[RECORDED DATA]

___

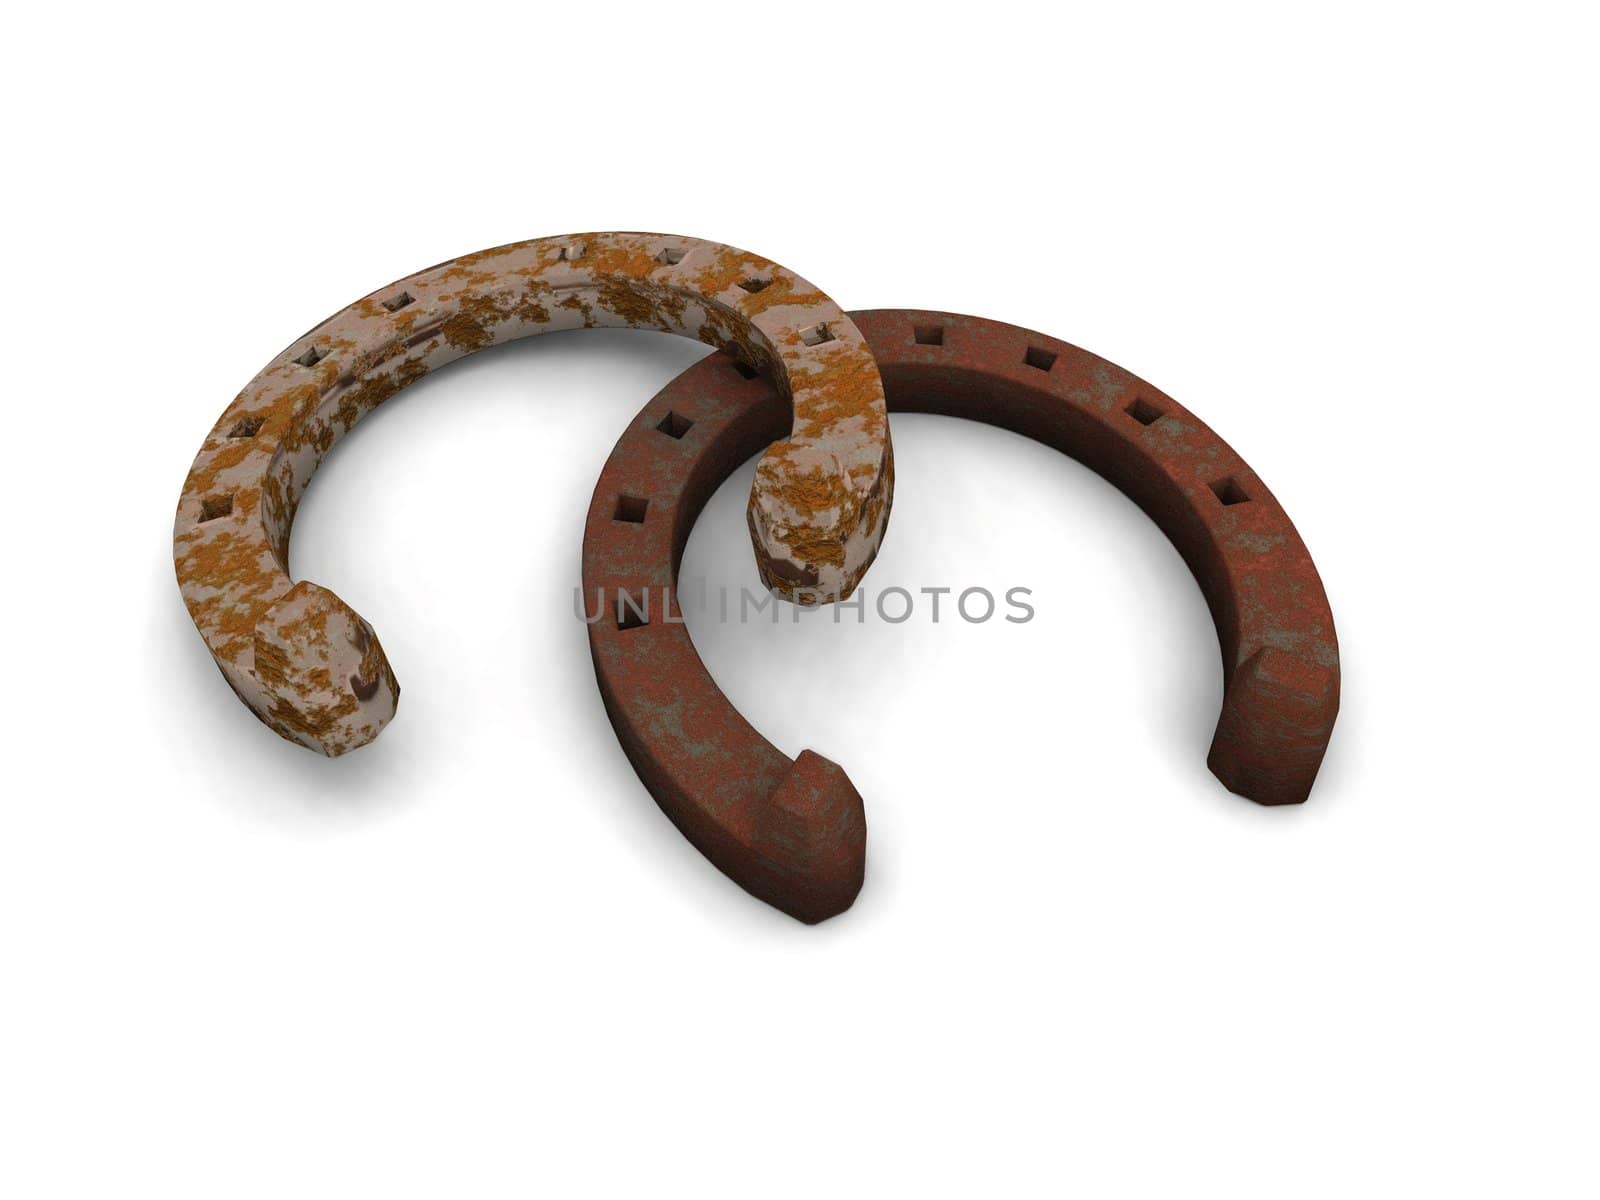 a 3D render of some rusty horse shoes
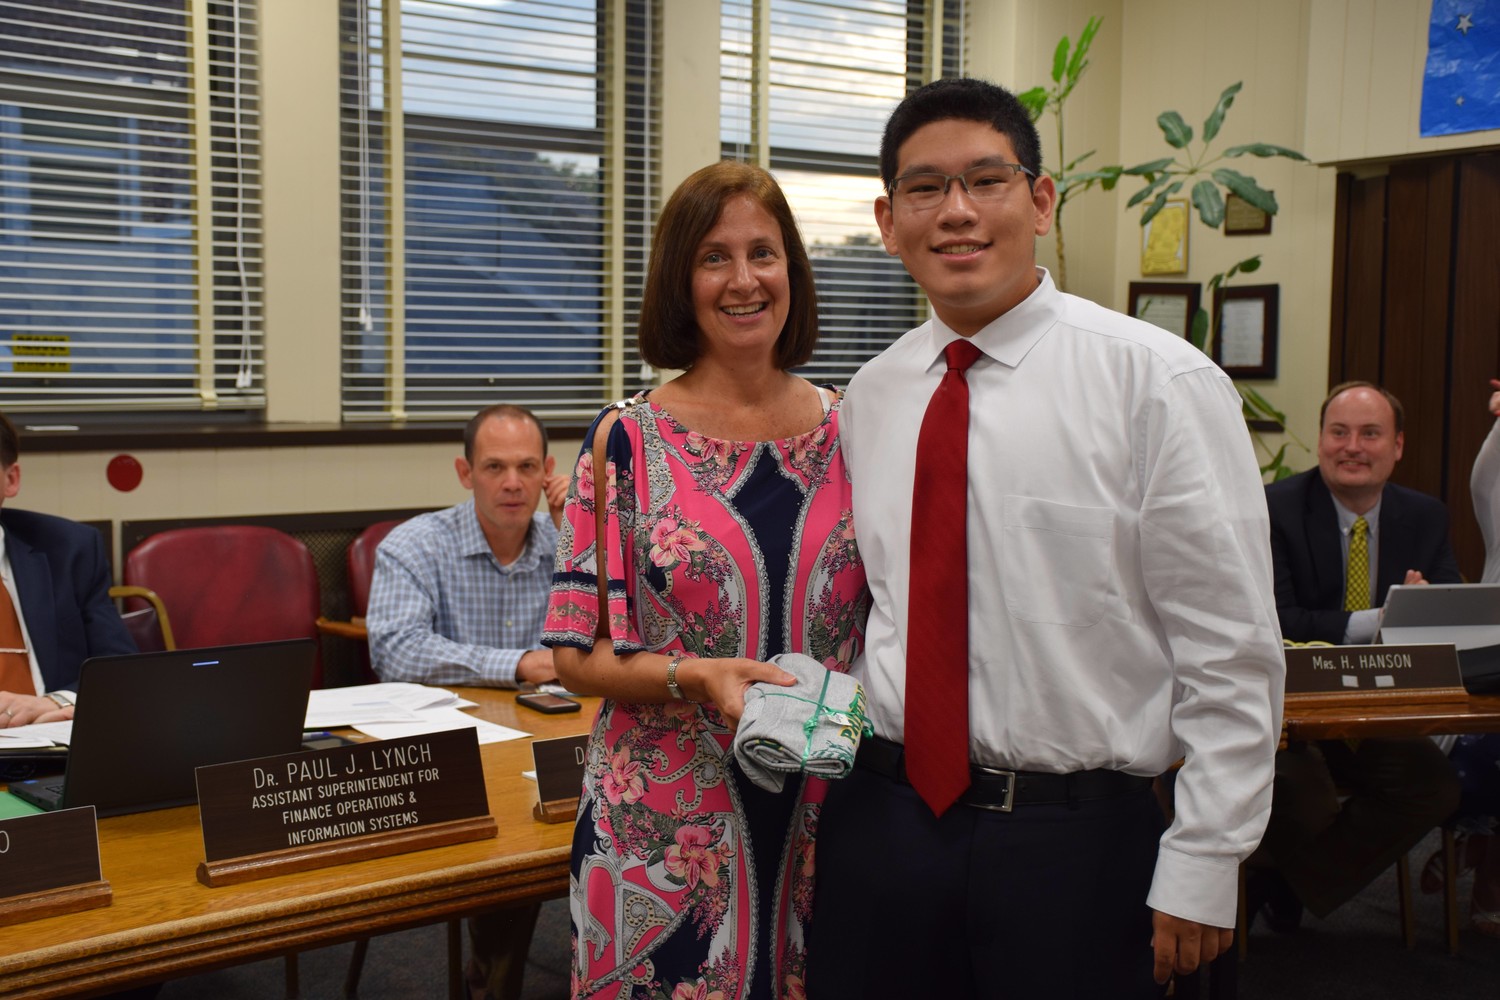 Bing was honored by the Lynbrook Board of Education after he had his theory published in the Journal of Emerging Investigators.
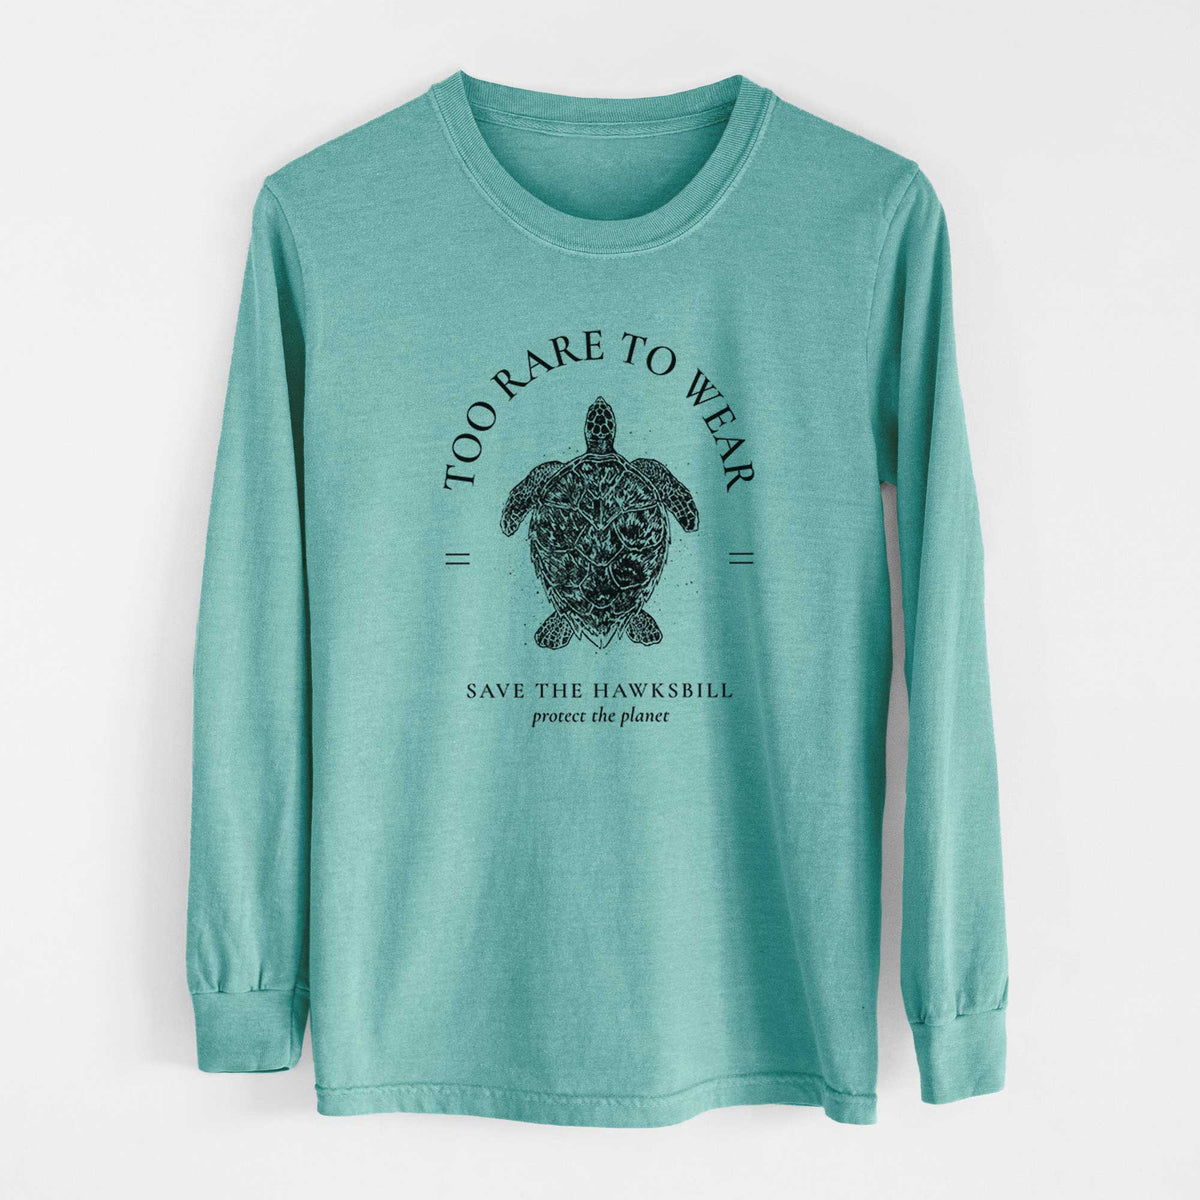 Too Rare to Wear - Save the Hawksbill - Heavyweight 100% Cotton Long Sleeve
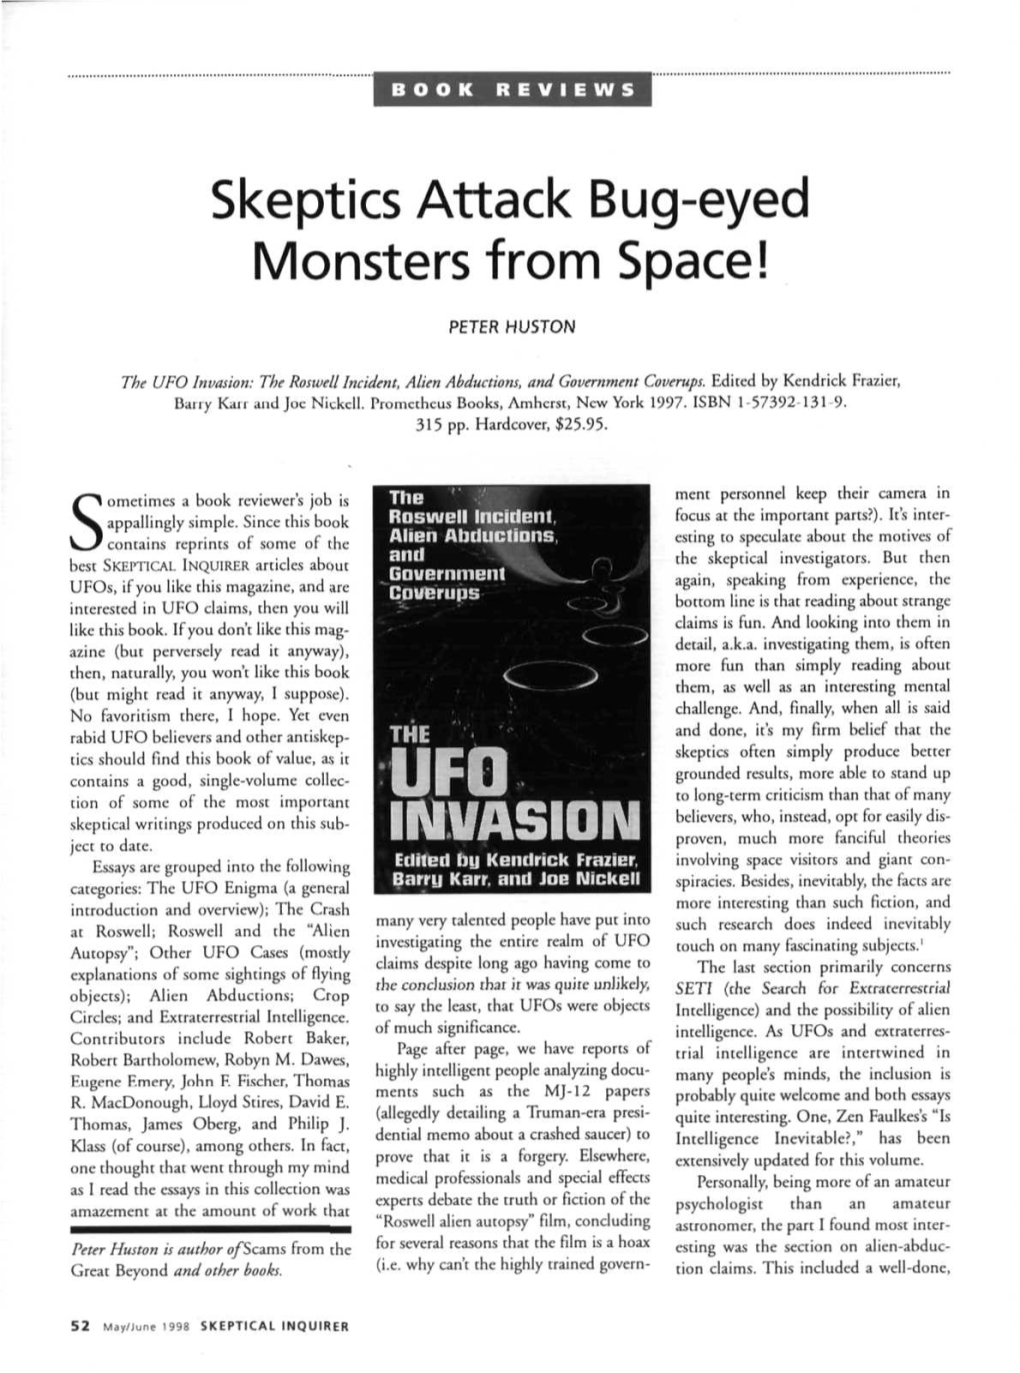 Skeptics Attack Bug-Eyed Monsters from Space!

___

[WHAT THE EXERCISE ASKS]
Reproduce the whole listing above word for word, dropping each image.

[OUTPUT]
 a 3D render of some rusty horse shoes
 Bing was honored by the Lynbrook Board of Education after he had his theory published in the Journal of Emerging Investigators.
 Too Rare to Wear - Save the Hawksbill - Heavyweight 100% Cotton Long Sleeve
 Skeptics Attack Bug-Eyed Monsters from Space!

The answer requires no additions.